Keep in mind that the video doesn't have to start at t=0.
In case it is relevant, this is what I get from ffmpeg's show info for the videos I showed with 23.98 fps and 24fps:
n: 0 pts: 0 pts_time:0
n: 1 pts: 3750 pts_time:0.0416667
n: 0 pts: 0 pts_time:0
n: 1 pts: 3753 pts_time:0.0417
With this information, is it still possible that the videos don't start at t=0?
To add to the explanation in the original post and the plots, the first frame always lasts 1/frame rate, but then their duration start to fluctuate with that pattern I showed.
They are correct:
Using 24 FPS * 1000 / 1001 * 377.127 sec = 9,042.005994005994 Frames.
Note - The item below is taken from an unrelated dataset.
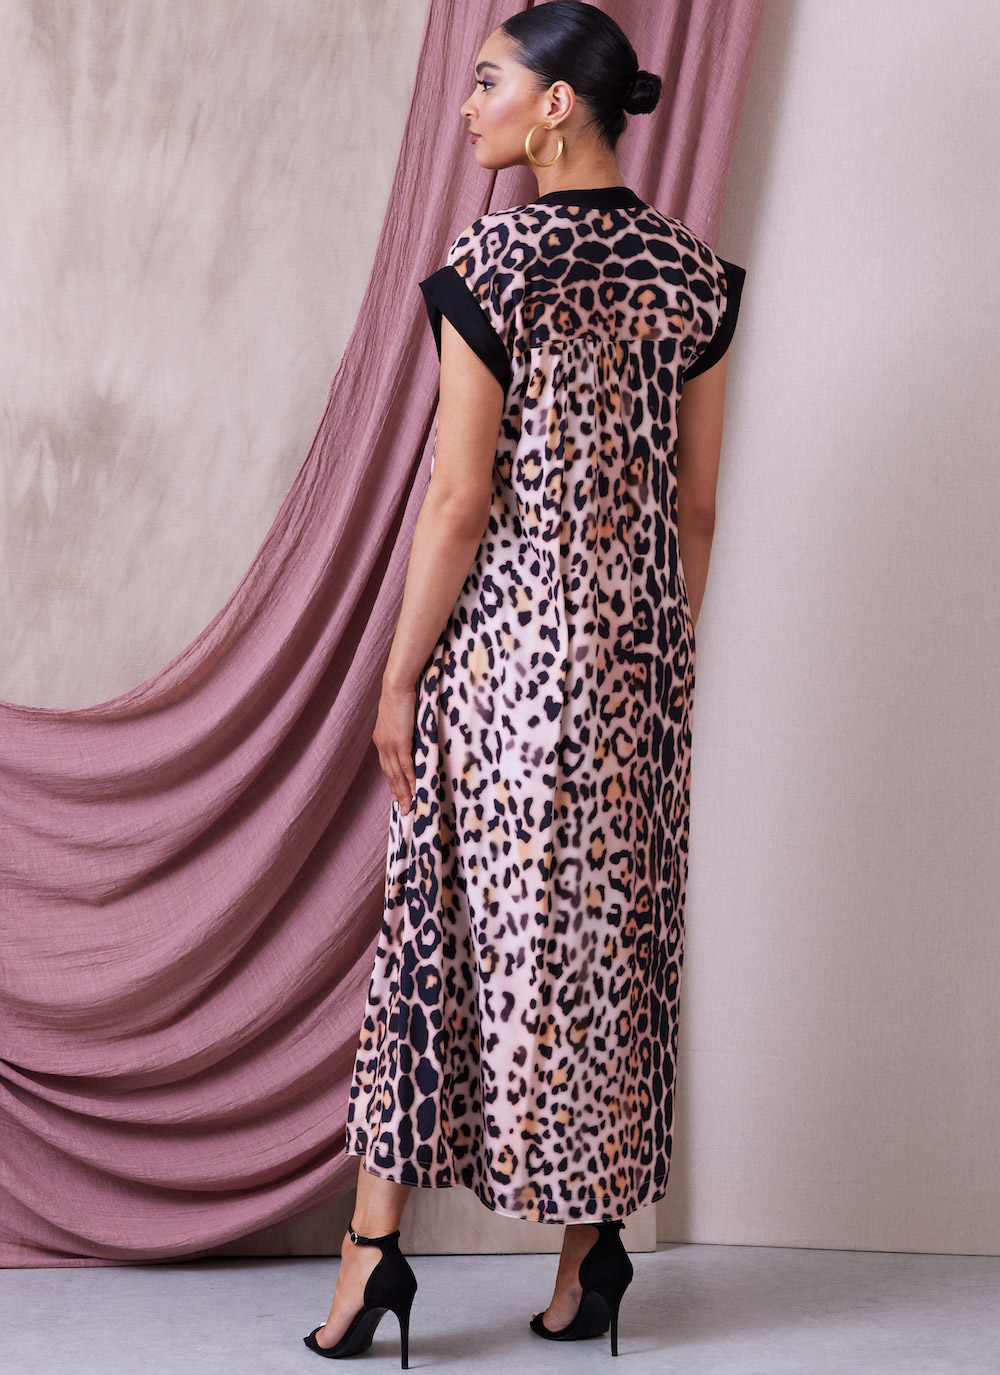 Vogue® Patterns Papierschnittmuster Sandra Betzina Kleid & Bluse V1937 Größe A

More exact. Closer by over a frame. And this could be rounded, though I don't think it needs to, as your subtitle edit might be giving you (slightly) inaccurate or rounded numbers.
My guess is also that your "24" isn't really true 24 either. Another inaccuracy in the reporting app.
Last edited by Rain-Maker; 26th Sep 2021 at 22:19. Reason: Unnecessary ranting, but worked as those Lincoln's hot letters.
FWIW... I have used ffmpeg show info and ffmpeg show time and found them not to be concise. After developing a program to cut at frame accurate times, I use a CMD script using ffprobe.
No. pts_time dts_time type Frame#
0 0.036000 0.036000 1 I 0
1 0.069367 0.069367 0 B 3
2 0.102733 0.102733 0 B 2
3 0.136100 0.136100 0 B 4
4 0.169467 0.169467 0 P 1
5 0.202833 0.202833 0 B 7
6 0.236200 0.236200 0 B 6
7 0.269567 0.269567 0 B 8
8 0.302933 0.302933 0 P 5
9 0.336300 0.336300 0 B 11
10 0.369667 0.369667 0 B 10
11 0.403033 0.403033 0 B 12
12 0.436400 0.436400 0 P 9
This shows PTS, DTS and best time. Occasionally I run into badly edited or badly joined videos or videos whose audio does not equal the video length.
Video 1 (Good Video)
Frame 0 PTS= 0.000000
1/29.97002997002997 = .0333666666666667
Video2 (Bad Video)
Frame0 PTS = .036000
1/29.97002997002997 = .0333666666666667
618.3510666666667 + 0.036000 = 618.3870666666667
FFprobe Time = 618.481167
I have found FFPROBE to be more accurate in catching errors and correcting them. As jagabo pointed out frames0 does not have to be 0.000000 PTS/DTS. This can throw off calculations a lot.
Also, mp4 usually uses a time base of 1/90000 seconds as recommended in the spec. NTSC frame times can't be represented exactly by N/90000 where N is an integer. So the muxer alternates between two values. For example, 90000 / (24000 / 1001) = 3753.75. So you get a pattern of three frames at 3754/90000 and one frame at 3753/90000, which averages out to 3753.75/90000 over time.
My guess is that some of your videos had portions which originally had a lower time base which was multiplied by a constant when muxed with 90000 time base, hence the larger oscillations.
Last edited by jagabo; 27th Sep 2021 at 06:44.